> **The problem**: Could you set down the lines below, from the one containing "Auto Bremse System" through the final line, exactly as written?
#####
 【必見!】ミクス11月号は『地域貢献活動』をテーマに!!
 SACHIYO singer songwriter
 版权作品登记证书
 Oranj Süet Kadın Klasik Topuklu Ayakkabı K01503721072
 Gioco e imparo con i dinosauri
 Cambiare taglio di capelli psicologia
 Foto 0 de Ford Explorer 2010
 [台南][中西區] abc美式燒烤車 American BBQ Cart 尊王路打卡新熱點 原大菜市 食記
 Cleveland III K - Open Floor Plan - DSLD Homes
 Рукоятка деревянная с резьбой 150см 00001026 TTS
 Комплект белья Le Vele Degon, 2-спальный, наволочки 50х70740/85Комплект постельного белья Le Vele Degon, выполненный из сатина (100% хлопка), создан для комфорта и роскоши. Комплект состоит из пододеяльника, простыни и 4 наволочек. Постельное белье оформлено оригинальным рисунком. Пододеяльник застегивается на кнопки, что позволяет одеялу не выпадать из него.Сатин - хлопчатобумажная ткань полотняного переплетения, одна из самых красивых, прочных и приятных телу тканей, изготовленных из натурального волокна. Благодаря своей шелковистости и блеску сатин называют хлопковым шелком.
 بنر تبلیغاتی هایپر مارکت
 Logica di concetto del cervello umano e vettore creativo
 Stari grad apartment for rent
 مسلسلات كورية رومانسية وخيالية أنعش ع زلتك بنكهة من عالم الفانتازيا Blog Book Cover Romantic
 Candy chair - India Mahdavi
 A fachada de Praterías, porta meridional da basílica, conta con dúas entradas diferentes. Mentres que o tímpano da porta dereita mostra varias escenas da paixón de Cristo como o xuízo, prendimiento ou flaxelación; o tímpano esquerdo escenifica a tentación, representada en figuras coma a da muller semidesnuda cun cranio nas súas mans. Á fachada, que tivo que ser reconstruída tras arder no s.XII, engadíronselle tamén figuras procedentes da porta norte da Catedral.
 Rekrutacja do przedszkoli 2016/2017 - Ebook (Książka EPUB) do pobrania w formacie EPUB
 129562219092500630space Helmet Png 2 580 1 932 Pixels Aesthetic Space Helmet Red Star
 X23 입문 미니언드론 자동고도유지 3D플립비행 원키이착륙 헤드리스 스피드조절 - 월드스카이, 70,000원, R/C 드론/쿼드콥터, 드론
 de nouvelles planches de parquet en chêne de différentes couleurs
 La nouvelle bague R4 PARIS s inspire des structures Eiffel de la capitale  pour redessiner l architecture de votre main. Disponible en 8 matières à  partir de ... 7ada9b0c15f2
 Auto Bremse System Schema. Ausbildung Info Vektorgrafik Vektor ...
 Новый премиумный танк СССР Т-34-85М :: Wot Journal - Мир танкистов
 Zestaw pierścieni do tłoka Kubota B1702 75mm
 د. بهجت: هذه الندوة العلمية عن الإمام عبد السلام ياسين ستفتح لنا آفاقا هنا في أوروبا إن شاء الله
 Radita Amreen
#####
> **Reply**:
 Auto Bremse System Schema. Ausbildung Info Vektorgrafik Vektor ...
 Новый премиумный танк СССР Т-34-85М :: Wot Journal - Мир танкистов
 Zestaw pierścieni do tłoka Kubota B1702 75mm
 د. بهجت: هذه الندوة العلمية عن الإمام عبد السلام ياسين ستفتح لنا آفاقا هنا في أوروبا إن شاء الله
 Radita Amreen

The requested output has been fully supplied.